В каком-то смысле я признал в нем, в самом звуке его голоса, произносившего ее имя, ту зрелость, которой мне недоставало: ибо он сумел преодолеть свою любовь к ней без угроз и без боли и дал ей вызреть, как и должно любой любви, в беззаветную, лишенную имен дружбу. Его не страшила смерть, и он не собирался клянчить подачек у бывшей любовницы, он всего лишь хотел предложить ей из неисчерпаемой сокровищницы собственного умирания последний дар.

Великолепная соболья шуба лежала на стуле в ногах его кровати, облаченная в хрустящую бумагу; я с первого взгляда понял, что ему не следовало бы делать Мелиссе таких подарков, потому что шуба эта затмит и сотрет в порошок весь остальной ее убогий, с миру по нитке гардероб. «Я вечно думал о деньгах, – сказал он легко и ясно, – покуда был жив. Начинаешь умирать, и вдруг оказывается, что ты богат». В первый раз в жизни он мог себе позволить быть едва ли не беспечным. Вот только болезнь стояла рядом, как терпеливый и жестокий наставник.

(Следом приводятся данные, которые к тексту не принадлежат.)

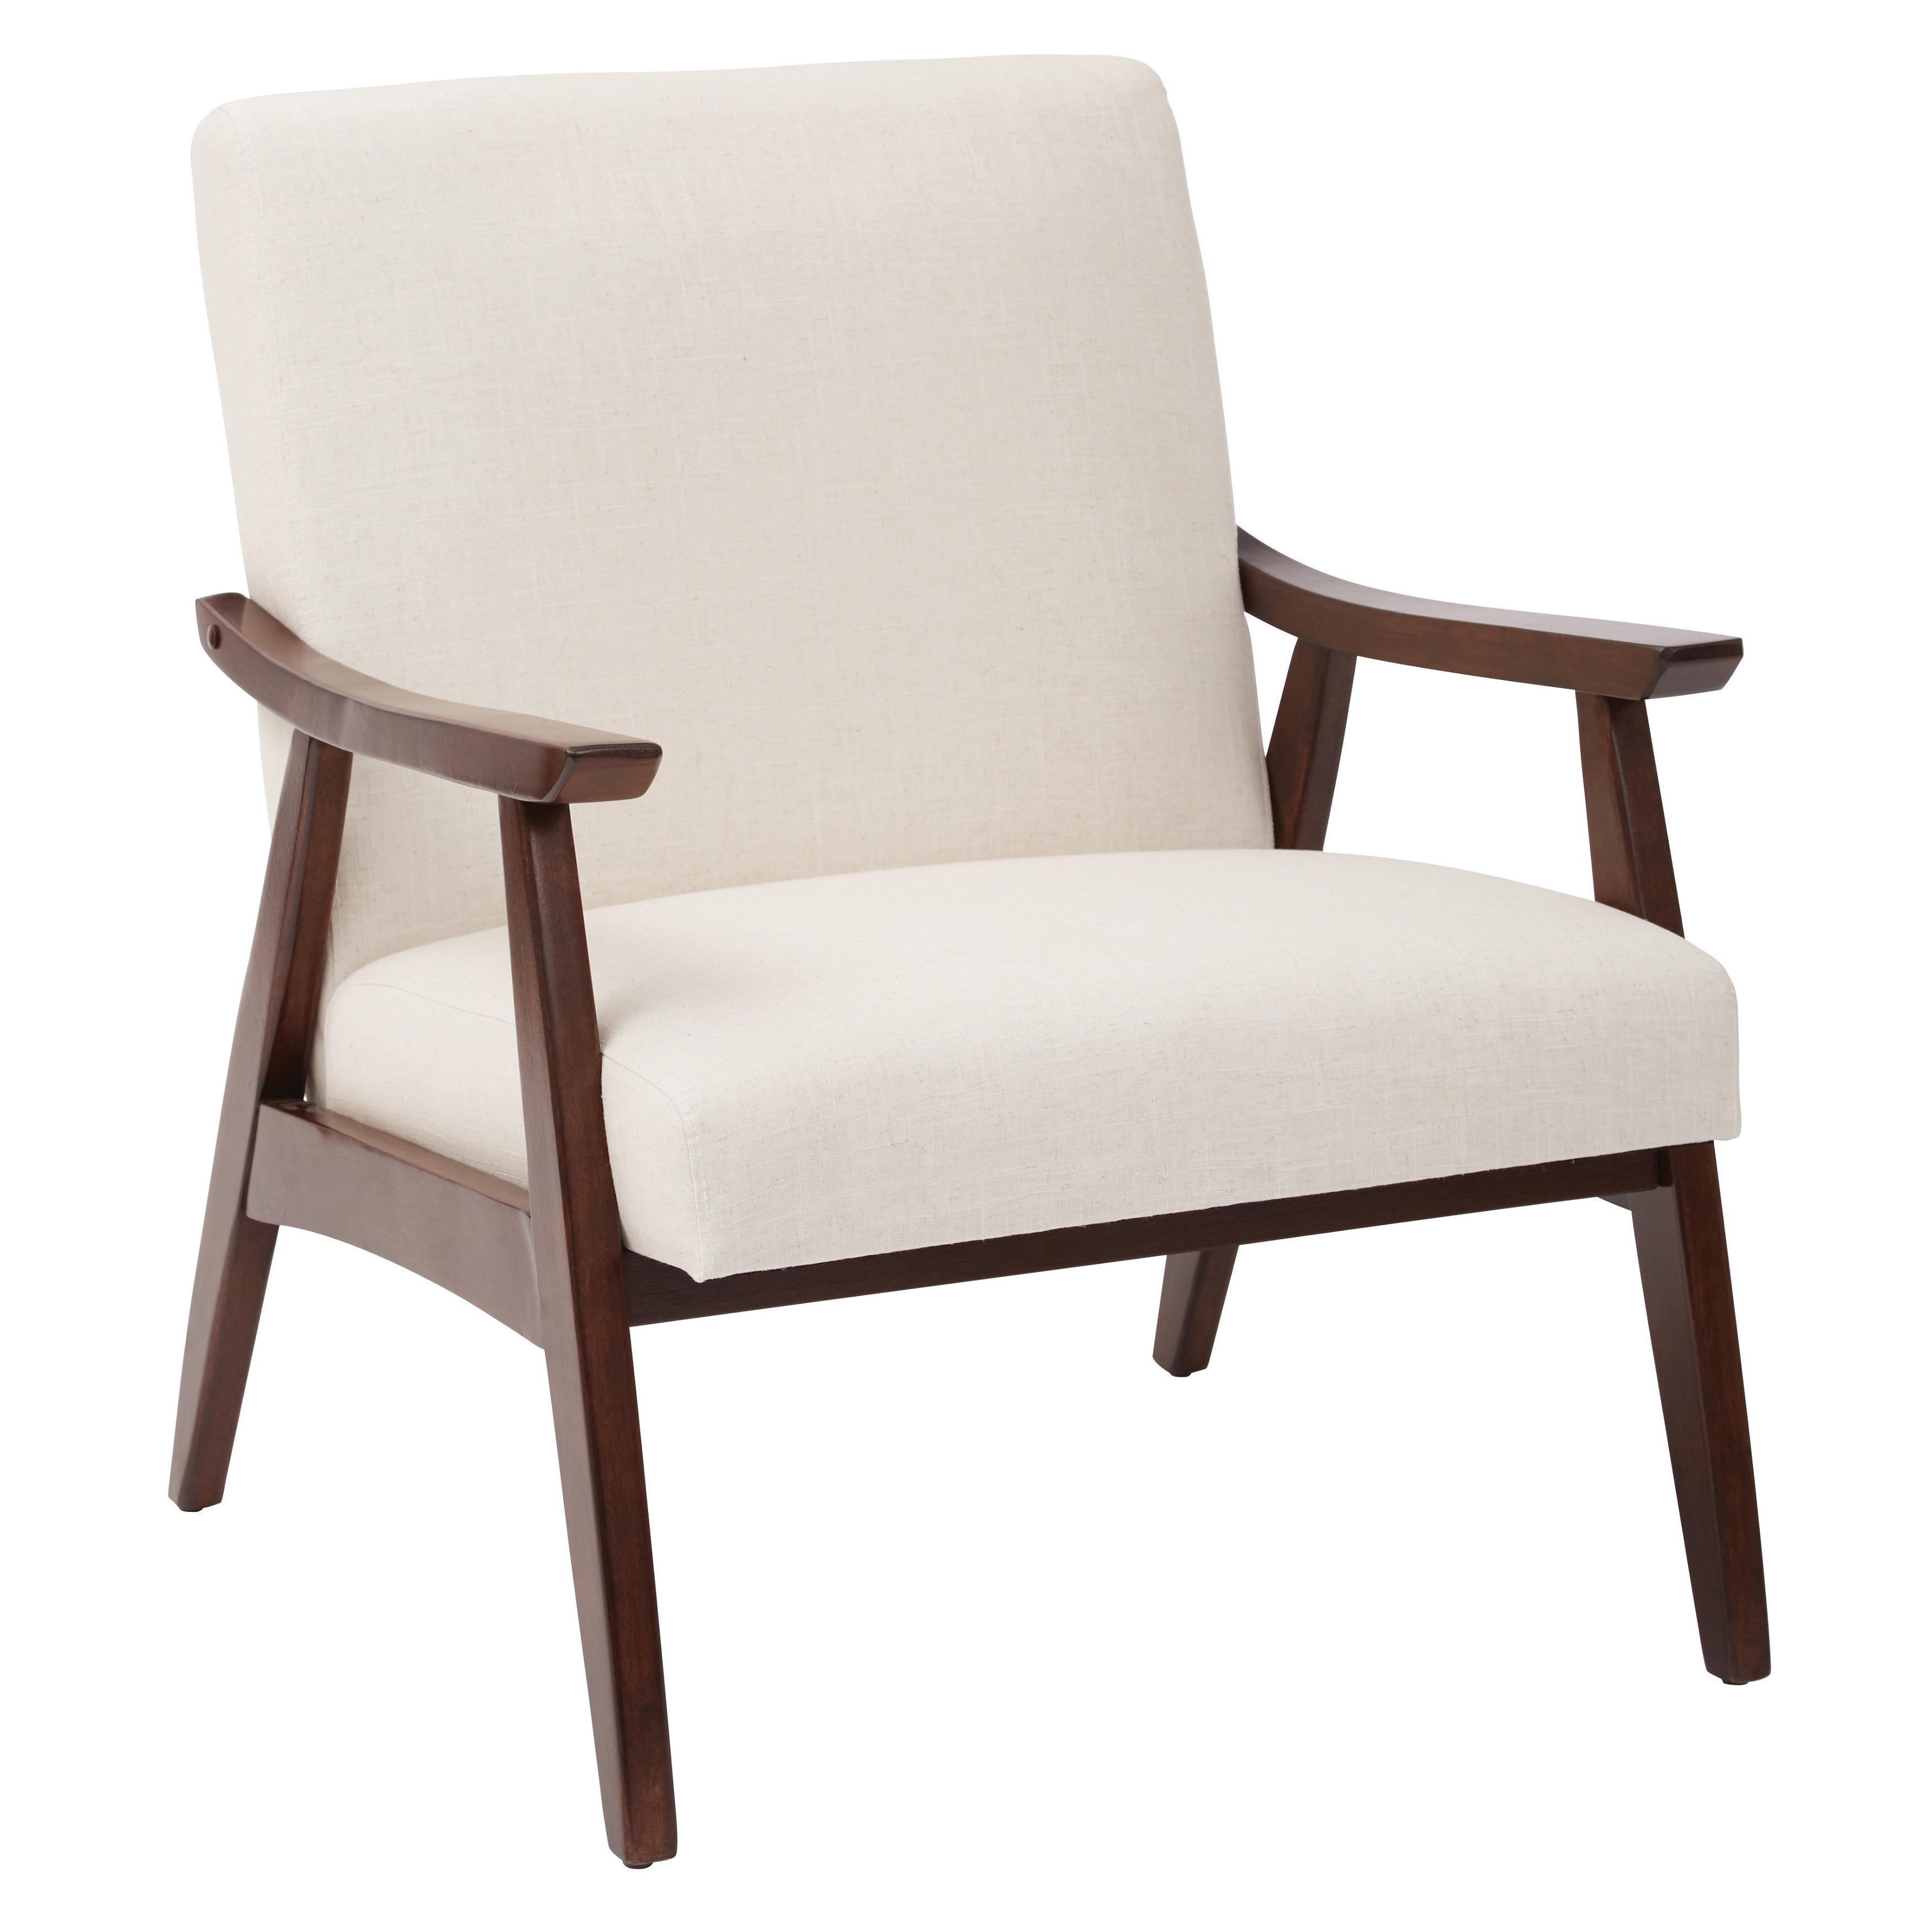 Overstock Arm Chair How To Make A Wooden Carson Carrington Karkkila Mid Century Free Shipping Today Com 18682070
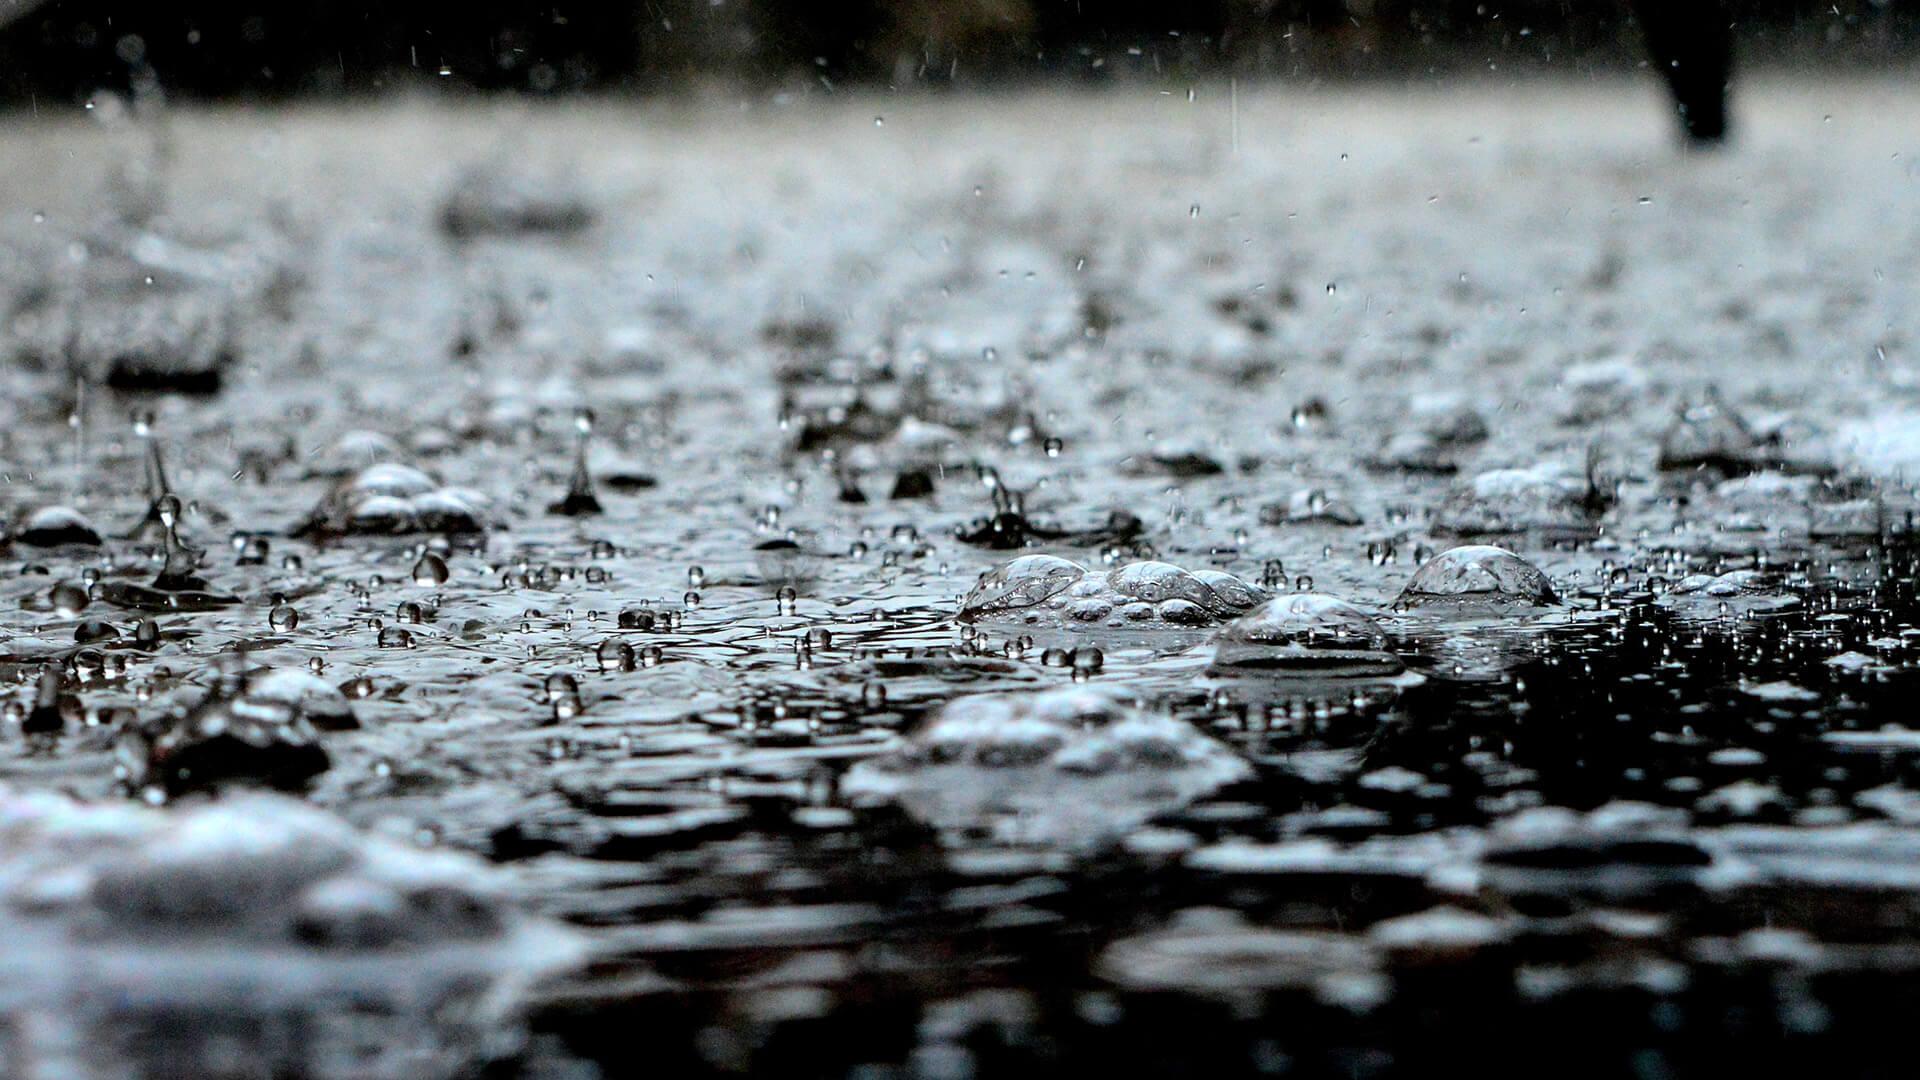 RC Dorff, Team Road, Saisonauftakt wegen Regen verschoben

Время от времени он погружался в короткий беспокойный сон, и усталый мой слух заполняло одно лишь гудение тьмы, как гудение пчелиного улья. Было уже поздно, но я никак не мог собраться с духом и оставить его. Сиделка принесла мне чашку кофе, и мы поговорили шепотом. Я слушал, как она говорит, и отдыхал, ибо для нее болезнь была просто профессией, которой она овладела в совершенстве, и относилась она к ней как хороший подмастерье. Холодным, ровным голосом она сказала: «Он бросил жену и ребенка ради une femme quelconque [64]. Теперь ни жена, ни эта женщина, его любовница, не желают его видеть. Так-то». Она пожала плечами. Все эти запутанные связи не вызывали в ней чувства сострадания, она смотрела на них просто как на проявление слабости, а слабость не заслуживала ничего, кроме презрения. «А почему к нему не приходила дочь? Разве он не просил, чтобы она пришла?» Она ковырнула зуб ногтем мизинца и сказала: «Как же, просил. Но теперь он не хочет ее пугать, не хочет, чтобы она его больного видела. Это, сами понимаете, не для ребенка зрелище». Она взяла распылитель и лениво опрыскала воздух над нашими головами каким-то дезинфицирующим составом, остро напомнив мне Мнемджяна. «Поздно уже, – добавила она. – Вы что, на ночь останетесь?»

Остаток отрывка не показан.